Capital Raising as a Sector-Wide Push
Across Nigeria’s financial services sector, the drive to raise fresh capital has become a central theme. Following CBN’s recapitalization push, commercial banks, microfinance institutions, and now finance companies have been compelled to shore up their balance sheets.
For instance, commercial banks are under pressure to meet significantly higher capital thresholds announced earlier this year, with some moving to the equity markets, rights issues, or private placements. Microfinance banks, too, have been racing to secure billions in fresh capital to avoid license revocation. Against this backdrop, CreditPro’s initiative reflects how smaller finance companies are positioning themselves early to withstand similar regulatory demands and to remain competitive.

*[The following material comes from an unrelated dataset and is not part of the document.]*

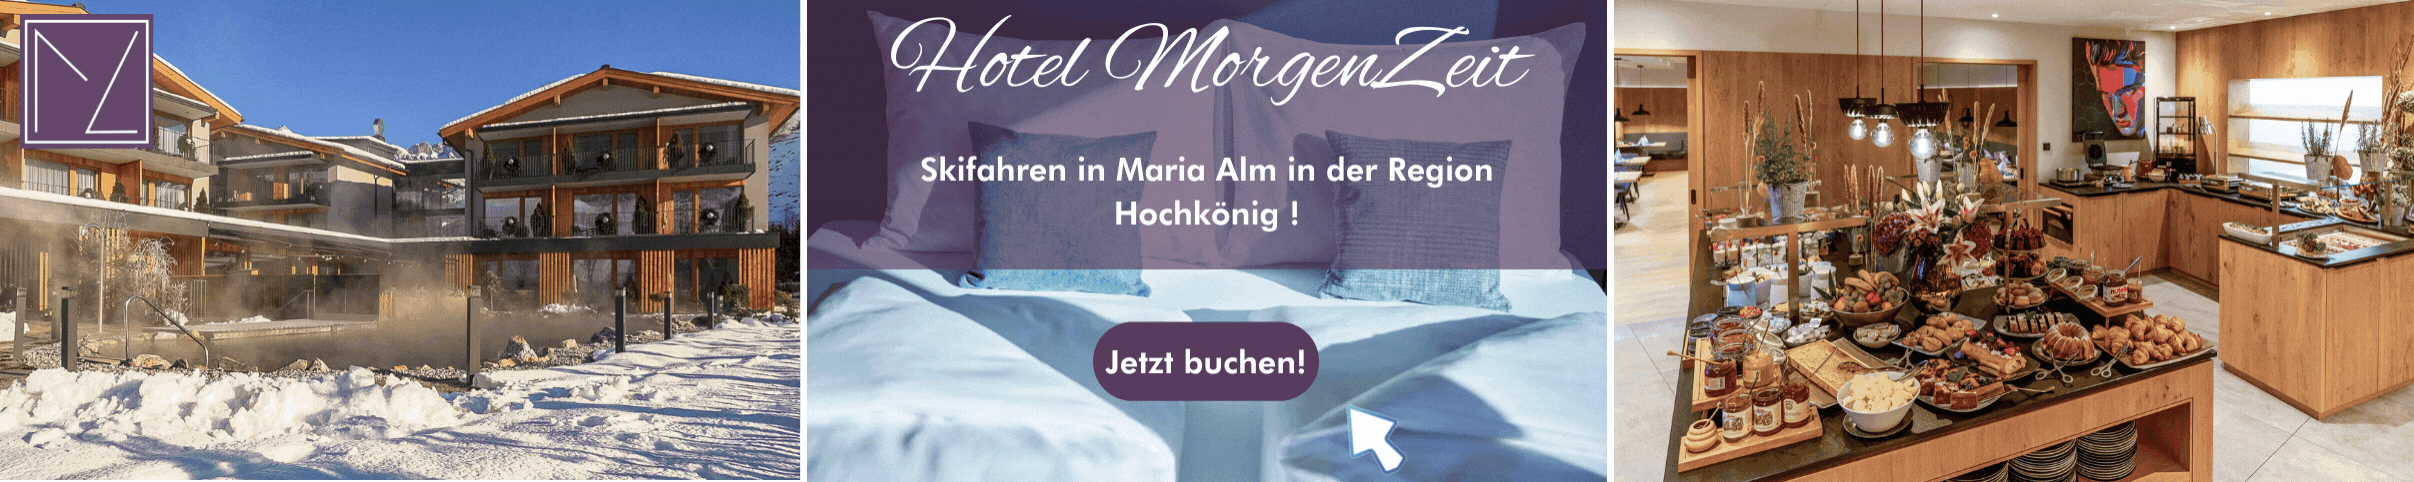 Urlaub im Bed & Brunch Hotel MorgenZeit in Maria Alm
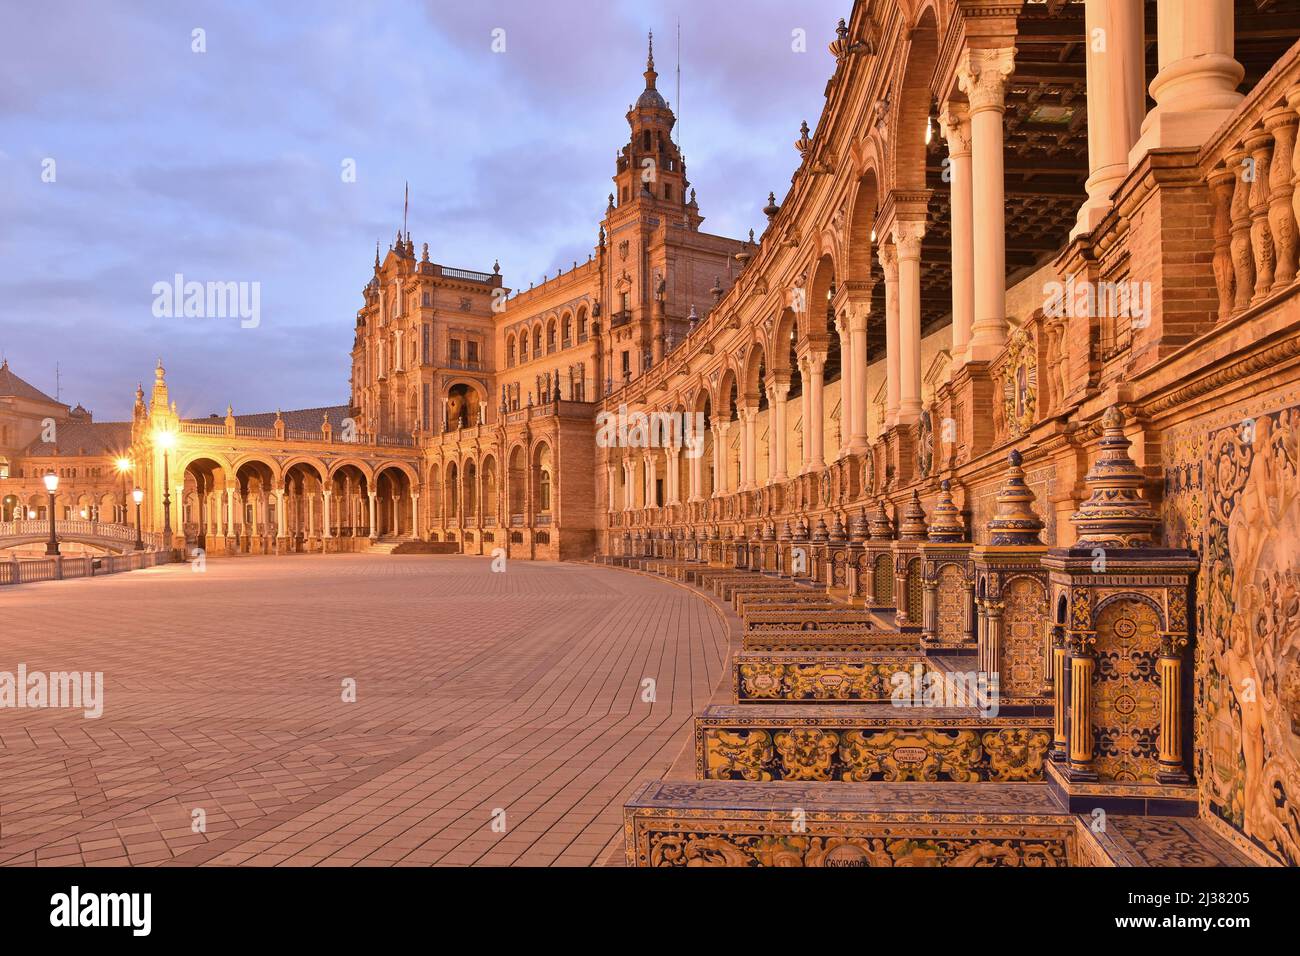 Plaza De Espana - architettura in stile barocco, rinascimentale e moresco all'alba. Situato nel Parco Maria Luisa a Siviglia Andalusia Spagna. Foto Stock

Adeyiga believes completing the fundraising will not only provide working capital but also signal to institutional investors that CreditPro is ready to play in the big league. The additional liquidity will be crucial for SMEs, which have faced rising borrowing costs with commercial loan rates now hovering between 32% and 36%.
By reinforcing its balance sheet and scaling operations, CreditPro hopes to carve out a stronger role in bridging Nigeria’s credit gap — a space also being targeted by fintech players like FairMoney, Carbon, and Renmoney, which have raised funds through international debt and equity markets.
Regulatory Footing
CreditPro is no stranger to regulatory scrutiny. In 2023, the company was listed among 173 firms approved by the Federal Competition and Consumer Protection Commission (FCCPC) to operate as digital money lenders. Out of that number, 119 were fully approved, while 54 received conditional approvals. That process, which helped sanitize the digital lending space, positioned firms like CreditPro as credible alternatives in a sector marred by unregulated operators.
Now, with its CBN license in hand and a N2 billion raise in motion, CreditPro is moving from regulatory compliance to strategic expansion. The company’s leadership is betting that the mix of working capital, tech investment, and market reach will ensure it emerges stronger in Nigeria’s evolving finance industry.